Personal and social time

This principle recognises that for most of us, work is a place in which to socialise and foster personal, as well as professional relationships with our colleagues. A school or college devoid of such interaction can be a very isolating and consequently stressful place in which to work. Schools and colleges should also be places where individuals are not discouraged from working flexibly (e.g. part-time and job sharing).

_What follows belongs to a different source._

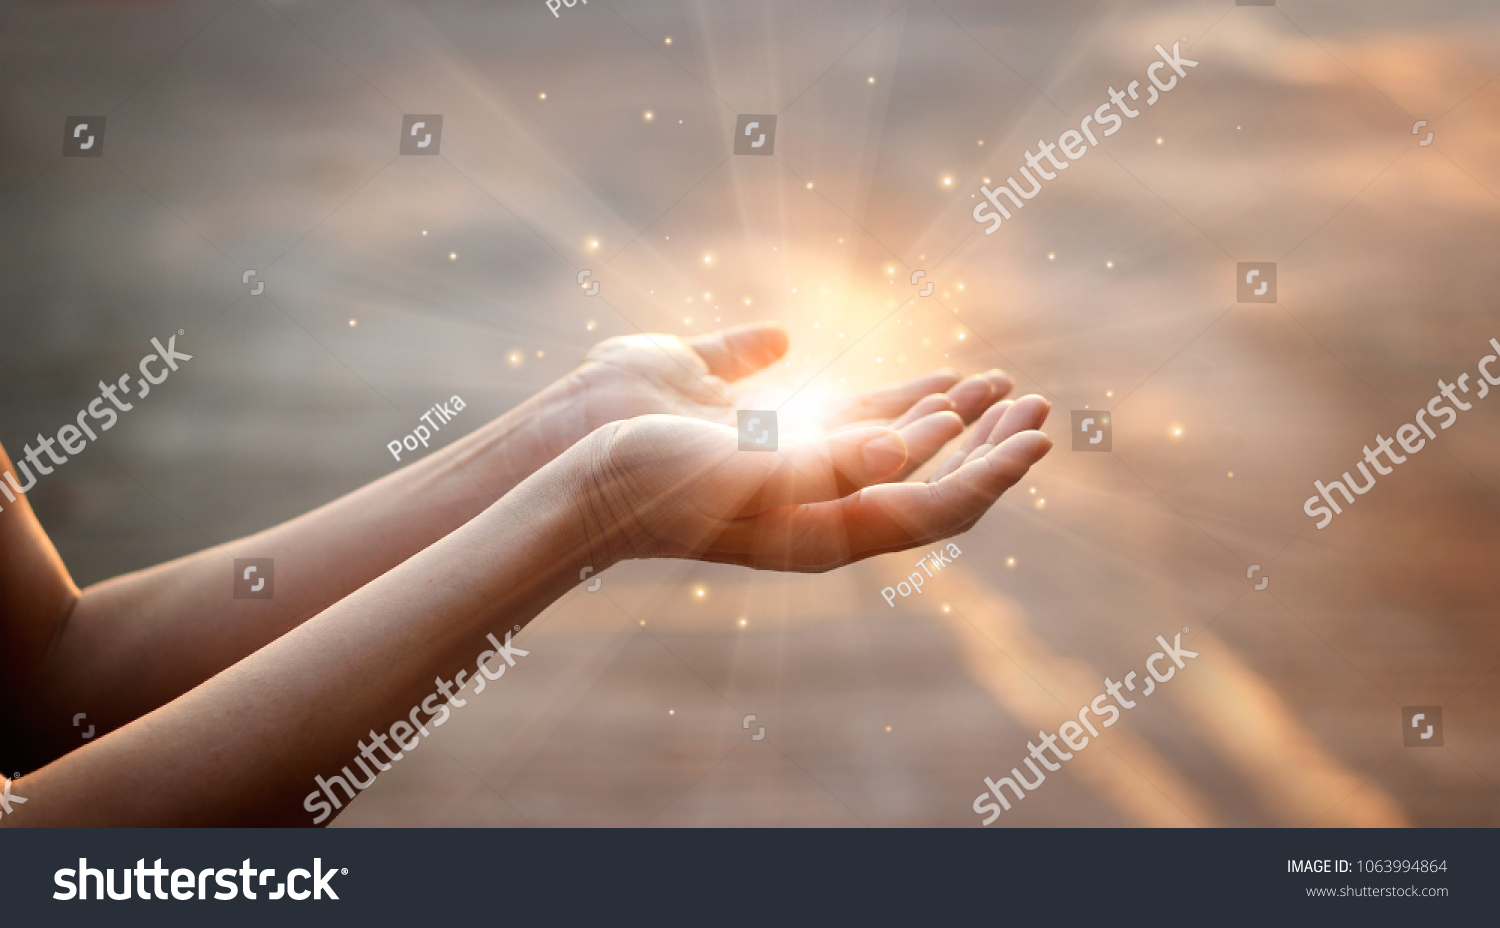 Woman hands praying for blessing from god on sunset background  #1063994864

The Government White Paper ‘Educational Excellence Everywhere’ says: “schools should be leading in this area, offering equal opportunities for all and modelling these values for children and young people.” School and college leaders should:

  • create a space (if they have not already done so) in which staff members may socialise during breaks, share ideas, hold meetings, discuss projects, catch-up with personal emails, arrange medical appointments etc.;
  • discourage a culture in which staff members regularly forgo lunch breaks / eat lunch at their desks or undertake an unequal share of break duties;
  • keep track of the hours staff are working. In this context there should be acknowledgement and consideration given to the non-academic role performed by teachers, often exercised at times when they should be on break;
  • accommodate flexible working;
  • ensure that directed time is clearly defined in teachers’ contracts and that an annual directed time calendar is provided in advance of the beginning of each academic year;
  • provide teachers with the option to use at least one of their INSET days to develop personal as well as professional interests;
  • where possible, provide staff with “down-time” or lighter duties after a particularly stressful period of work (e.g. after Ofsted/Estyn inspection);
  • consider introducing a ‘family day’, which is paid leave once a year to enable staff to spend time with family during term time.

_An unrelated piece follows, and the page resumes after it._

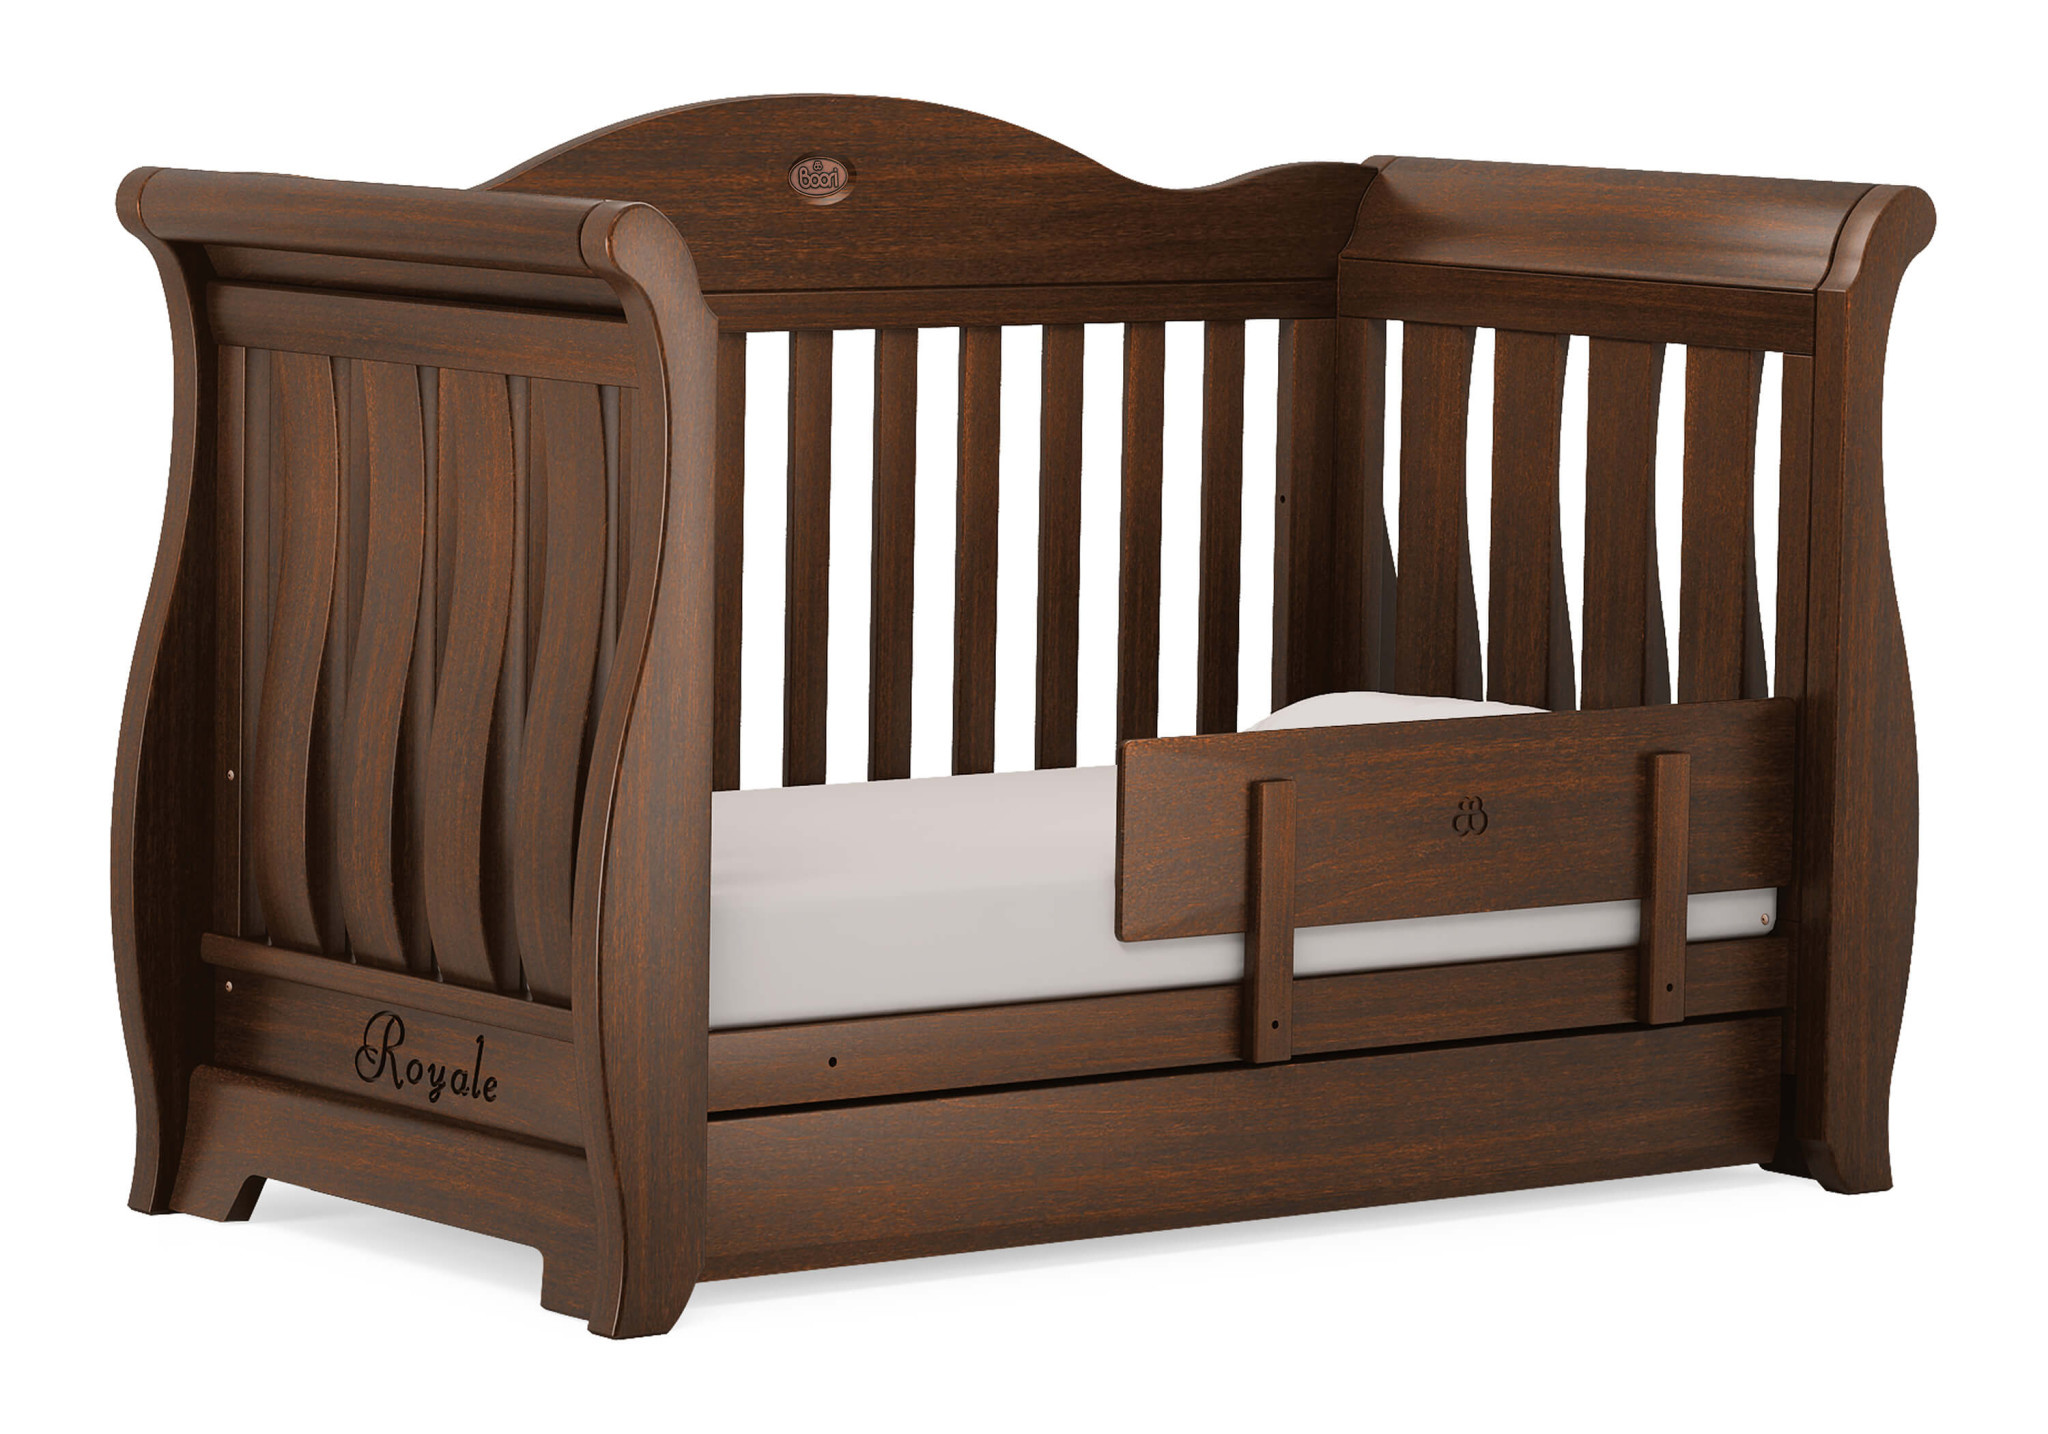 Boori Boori Sleigh Royale Cot Bed (excludes TGP)

The NEU has produced guidance relating to flexible working in schools and colleges.

The following documents are also available:

Work/life balance model policy and checklist

Stress risk assessments

This principle emphasises the importance of monitoring levels of stress in the workplace and reviewing its effects on the workforce. Persistently high levels of pressure can lead to distress, exhaustion, and a feeling of being overwhelmed. The Health & Safety Executive (HSE) defines work-related stress as: "The adverse reaction people have to excessive pressures or other types of demand placed on them at work." It is counter-productive and not only impacts on the mental and physical wellbeing of school/college staff, but also impacts on the school/college by affecting job performance and productivity, not to mention the financial costs of covering sick leave and recruiting replacement staff.

School and college leaders should be encouraged to build processes in the workplace which assist in the detection of both individual and organisational stress. There are many diagnostic tools available for this purpose.